Chain · Era 6 · WWII & Post-War
WWII & Post-War · 1941–1945

The Tuskegee Airmen:
332 Fighters, Zero Bombers Lost

The Tuskegee Airmen were the first Black military aviators in the U.S. Armed Forces, trained at Tuskegee Army Air Field in Alabama beginning in 1941. The Army Air Corps' own studies had concluded that Black men were intellectually incapable of flying combat aircraft. The Airmen proved that wrong in 1,578 combat missions over North Africa and Europe. The 332nd Fighter Group flew bomber escort missions and — by their own count — never lost a bomber to enemy fighters. They returned home to a country that still wouldn't let them vote.

Trained
1941–1946, Tuskegee Army Air Field, Alabama
Combat missions
1,578 — North Africa, Sicily, Italy, Germany
Result
Helped end Air Force segregation; Truman's Executive Order 9981, 1948
The Central Argument

The Tuskegee Airmen were a direct refutation of the scientific racism used to justify military segregation — and the military's own study that had concluded Black men could not fly. The Army commissioned the study expecting it to confirm segregation. When Black pilots demonstrated equal or superior performance, the study was suppressed. The Airmen's record became impossible to ignore after the war, contributing directly to Truman's Executive Order 9981 desegregating the military in 1948. The lesson the military drew: when you give Black Americans equal opportunity and equipment, they perform. The country resisted drawing the same conclusion about everything else.

Training Under Segregation · 1941–1943
01
1940–1941

The Study That Was Supposed to Prove They Couldn't Fly

Washington D.C. · Tuskegee, Alabama

In 1940, the Army Air Corps commissioned a study at the Army War College to determine whether Black men were capable of flying military aircraft. The study concluded they were not — citing intelligence scores, supposed emotional instability, and cultural inferiority. The conclusion was predetermined: the Army had no intention of integrating its air corps. The study was used to justify a policy of total exclusion. In 1941, under political pressure from the NAACP, Black newspapers, and Eleanor Roosevelt — who took a flight with Chief Civilian Instructor C. Alfred "Chief" Anderson to demonstrate that Black pilots could fly — the War Department relented and established an experimental all-Black flying unit at Tuskegee Institute in Alabama.
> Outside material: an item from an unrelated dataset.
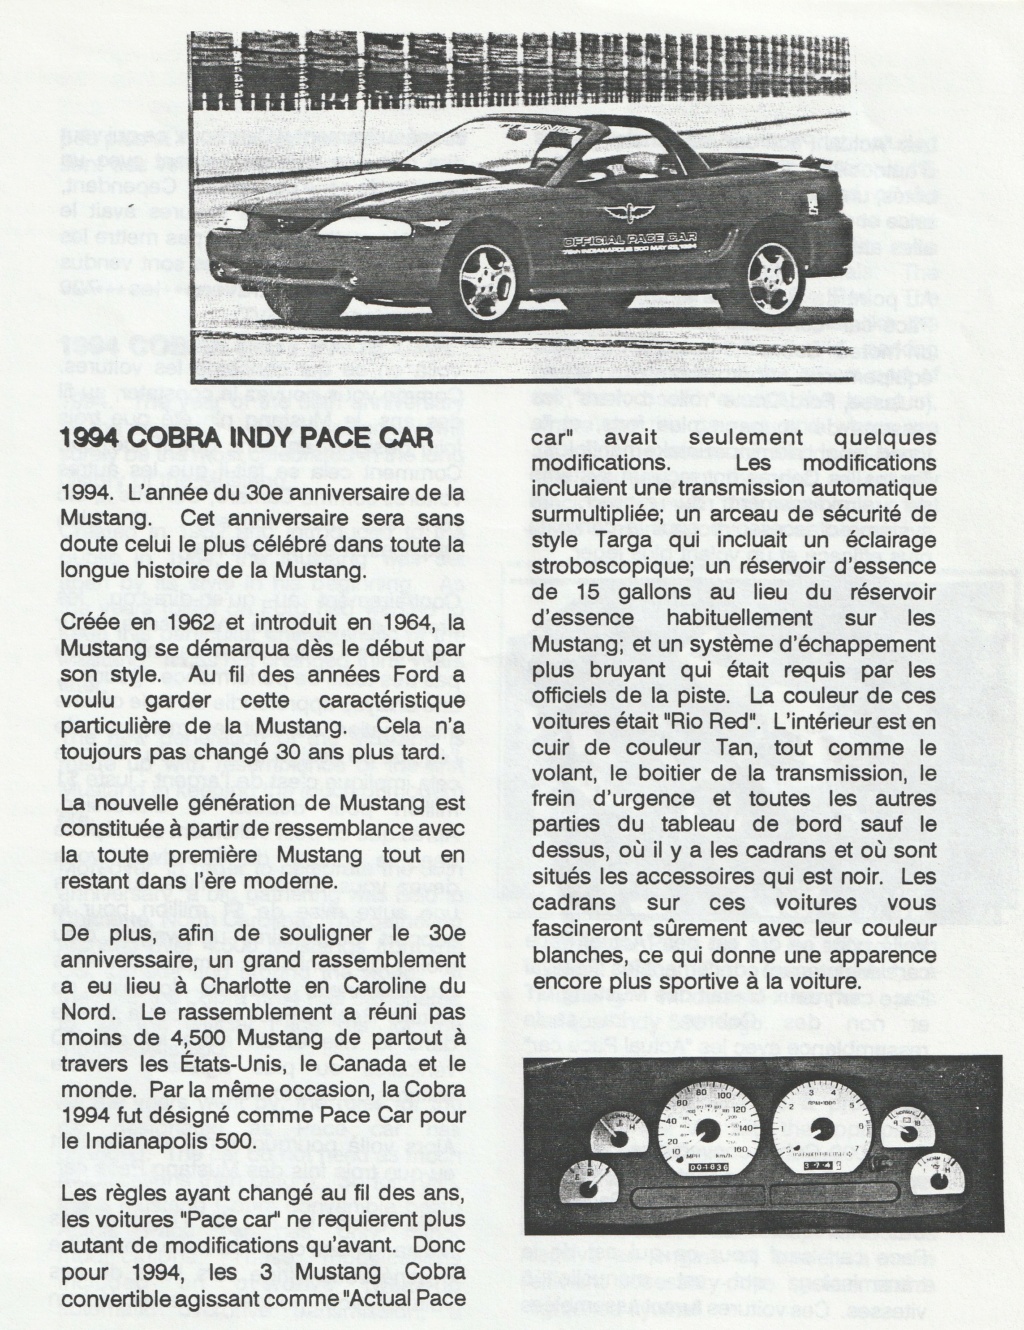 Montréal Mustang dans le temps! 1981 à aujourd'hui (Histoire en photos) - Page 8 Img_2467

The choice of location was deliberate: deep in Alabama's segregated heartland, far from the political pressure of northern cities. The facilities were inferior. The trainees were subjected to the full apparatus of Jim Crow off base. And the military fully expected them to fail, providing justification for permanent exclusion.

02
1943–1945

Combat Over North Africa and Europe: The Record

North Africa · Sicily · Italy · Romania · Germany
1,578
Combat missions flown
261
Enemy aircraft destroyed
0
Bombers lost to enemy fighters on escort missions (by their count)

The 99th Pursuit Squadron deployed to North Africa in April 1943. Despite initial resistance from white commanders who tried to remove them from combat duty based on fabricated performance complaints, the 99th's record spoke for itself. The four squadrons of the 332nd Fighter Group — flying P-51 Mustangs with distinctive red tails — flew escort missions protecting B-17 and B-24 bombers on raids over Romania, Austria, and Germany. Bomber crews actively requested the Red Tails as their escorts, saying they had earned a reputation for staying with their charges rather than breaking off to chase German fighters for individual kill credits.

The Airmen received 96 Distinguished Flying Crosses, 14 Bronze Stars, and 744 Air Medals. Sixty-six were killed in combat. When they returned home, they were required to use segregated facilities at Southern bases. In Freeman Field, Indiana, in 1945, 101 Black officers were arrested for entering a white officers' club. Their court-martial — the "Freeman Field Mutiny" — became a catalyst for the postwar desegregation push.

03
1948–Present

Executive Order 9981: The Airmen's Legacy

Washington D.C.

In 1948, President Truman signed Executive Order 9981 desegregating the U.S. military. The Tuskegee Airmen's record — and the broader record of Black military service in WWII — was a direct factor. The military's own efficiency arguments made segregation indefensible: the Army could not argue that Black soldiers were incompetent when their combat record documented the opposite. The desegregation of the military became the first major federally mandated desegregation of any American institution — seven years before Brown v. Board of Education.

The Airmen's story was suppressed in mainstream accounts of WWII for decades. The 2012 film Red Tails brought it to wide public attention — but with significant historical liberalization. In 2007, the surviving Airmen were awarded the Congressional Gold Medal. The oldest was 108 years old. Several noted that the honor came 60 years late.

The Longer Chain

They desegregated the military. The country took 16 more years to pass the Civil Rights Act.

Executive Order 9981 proved the federal government could mandate desegregation when it chose to. Brown v. Board confirmed the obligation. The Civil Rights Act of 1964 finally extended it to civilian life. Sixty years of proof that policy works when applied.